Reputation: 3993
I have a data.table similar to this one:
require(data.table)
dt = as.data.table(iris[ names(iris) != 'Species' ])[1:26]
dt[ , id := LETTERS ]
setnames(dt, c('col1', 'col2', 'col3', 'col4', 'id'))
I want to calculate the absolute difference of col1 to every other numeric columns (i.e. col2, col3, col4) for every id/row. How can I do that with data.table or other tools in R?

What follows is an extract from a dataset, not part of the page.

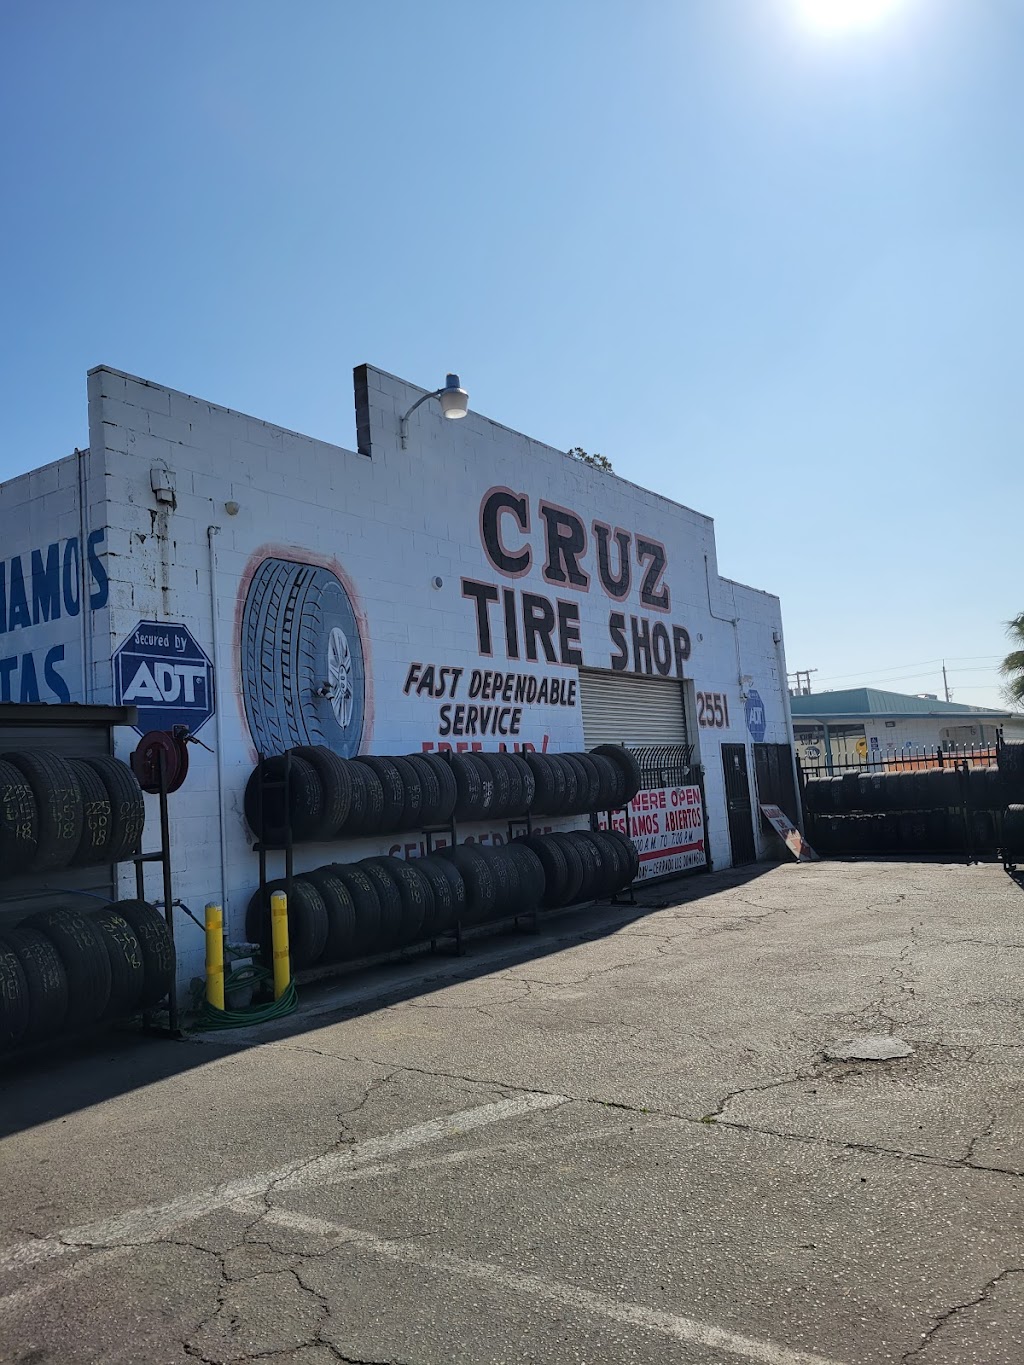 Cruz Tire Shop | 2551 S Elm Ave, Fresno, CA 93706, USA | Phone: (559) 494-0534

The result should look like this:
+--------+-------------+-------------+-------------+------+
| "col1" | "col1_col2" | "col1_col3" | "col1_col4" | "id" |
+--------+-------------+-------------+-------------+------+
| 5.1 | 1.6 | 3.7 | 4.9 | "A" |
| 4.9 | 1.9 | 3.5 | 4.7 | "B" |
+--------+-------------+-------------+-------------+------+
Upvotes: 1
Views: 54
Reputation: 15072
Here is a dplyr
solution. mutate_at
allows you to flexibly apply a function to multiple columns, and you can do the same thing to rename the columns afterwards.
library(tidyverse)
tbl <- iris %>%
select(-Species) %>%
slice(1:26) %>%
mutate(id = LETTERS) %>%
`colnames<-`(c("col1", "col2", "col3", "col4", "id"))
tbl %>%
mutate_at(vars(col2:col4), funs(abs(col1 - .))) %>%
rename_at(vars(col2:col4), ~ str_c("col1_", .))
#> # A tibble: 26 x 5
#> col1 col1_col2 col1_col3 col1_col4 id
#> <dbl> <dbl> <dbl> <dbl> <chr>
#> 1 5.10 1.60 3.70 4.90 A
#> 2 4.90 1.90 3.50 4.70 B
#> 3 4.70 1.50 3.40 4.50 C
#> 4 4.60 1.50 3.10 4.40 D
#> 5 5.00 1.40 3.60 4.80 E
#> 6 5.40 1.50 3.70 5.00 F
#> 7 4.60 1.20 3.20 4.30 G
#> 8 5.00 1.60 3.50 4.80 H
#> 9 4.40 1.50 3.00 4.20 I
#> 10 4.90 1.80 3.40 4.80 J
#> # ... with 16 more rows
Created on 2018-04-04 by the reprex package (v0.2.0).
Upvotes: 0
Reputation: 49448
Remove the copy
if you don't care about modifying the original table.
cols = paste0('col', 2:4)
# or if you want to be fancy
cols = setdiff(names(dt)[sapply(dt, is.numeric)], 'col1')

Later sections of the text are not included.